4. Plotting \(x_{6,Cr}\) vs. \(m_{1}\)#

Vary \(m_{1}\) from 1,000 kg/h to 10,000 kg/h in 500 kg/h increments and solve for the corresponding \(x_{6,Cr}\) values. Plot \(x_{6,Cr}\) versus \(m_{1}\).

# Add your solution hereS
../../_images/Wastewater-Treatment-Mass-Balance_23_0.png

Discussion Question: What trend do you observe in the plot, and what causes this trend? Is there an optimal value of \(m_{1}\) where \(m_{1}\) is maximized and \(x_{6,Cr}\) is minimized?

Answer: For \(m_{1}\) values from 1000 to 4500 kg/h, \(x_{6,Cr}\) is small and stays constant. For \(m_{1}\) values above 4500 kg/h, \(x_{6,Cr}\) increases. The reason why \(x_{6,Cr}\) is constant and then increases is because the treatment unit has a maximum capacity of 4500 kg/h. For feed flow rates above 4500 kg/h, part of the feed will bypass the treatment unit, resulting in a higher \(x_{6,Cr}\). The optimal value of \(m_{1}\) is 4500 kg/h, which is the treatment unit’s maximum capacity.

5. Discussion Question#

The company has hired you as a consultant to help them determine whether or not to add capacity to the treatment unit to increase the recovery of chromium. What would you need to know to make this determination?
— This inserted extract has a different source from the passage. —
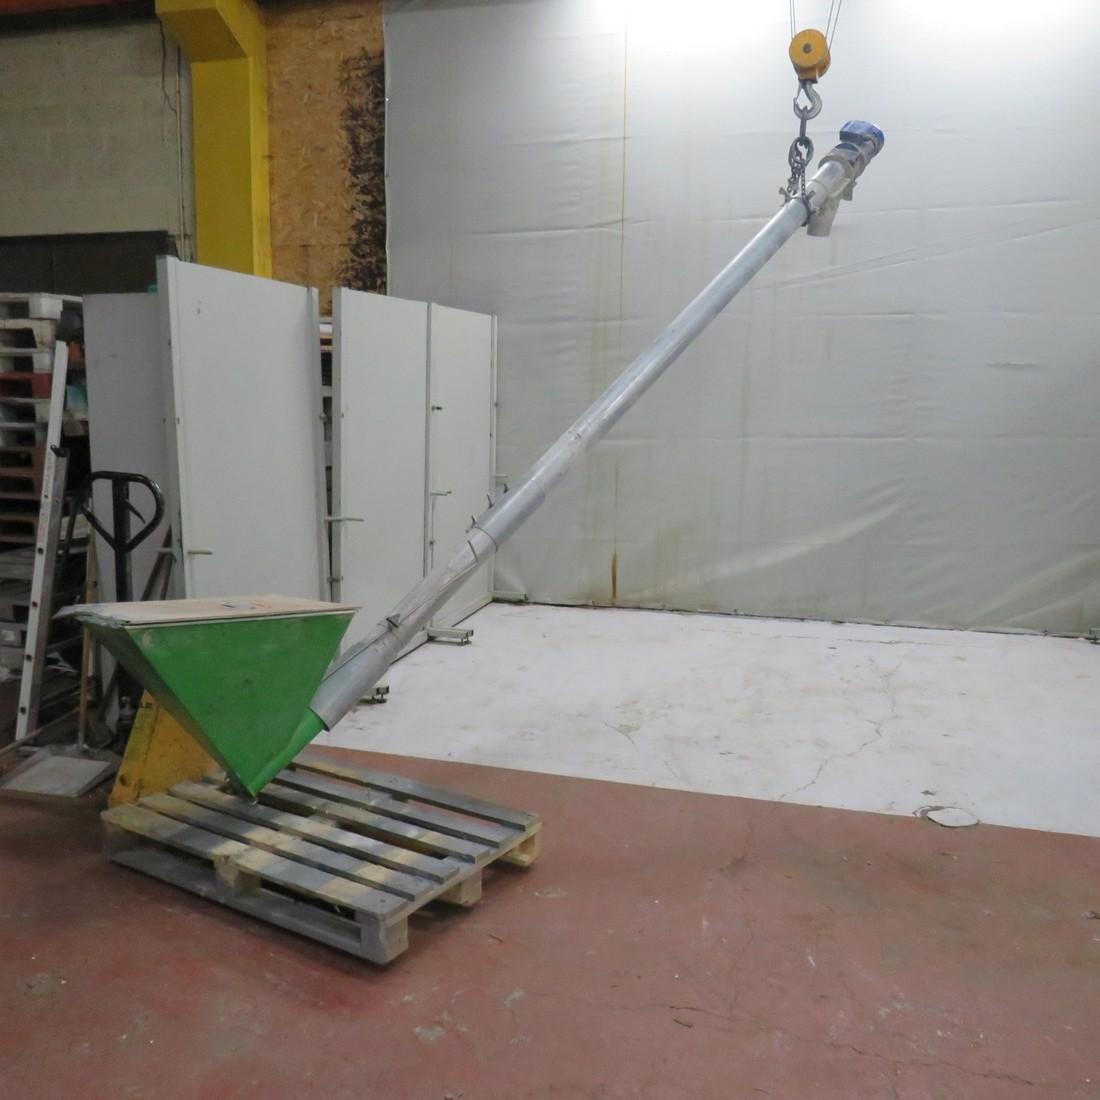 R4S1085 Mild steel screw in tube Ø 100 mm lenght 3850 mm

Answer: In deciding whether to add capacity to the treatment, it’s important to know the cost of additional capacity. For example, the costs of installation and maintenance, revenue from additional recovered Cr, anticipated wastewater production in coming years, capacity of waste lagoon, regulatory limits on Cr emissions. Depending on these values, it can be determined whether it’s best to add capacity to the treatment unit or not.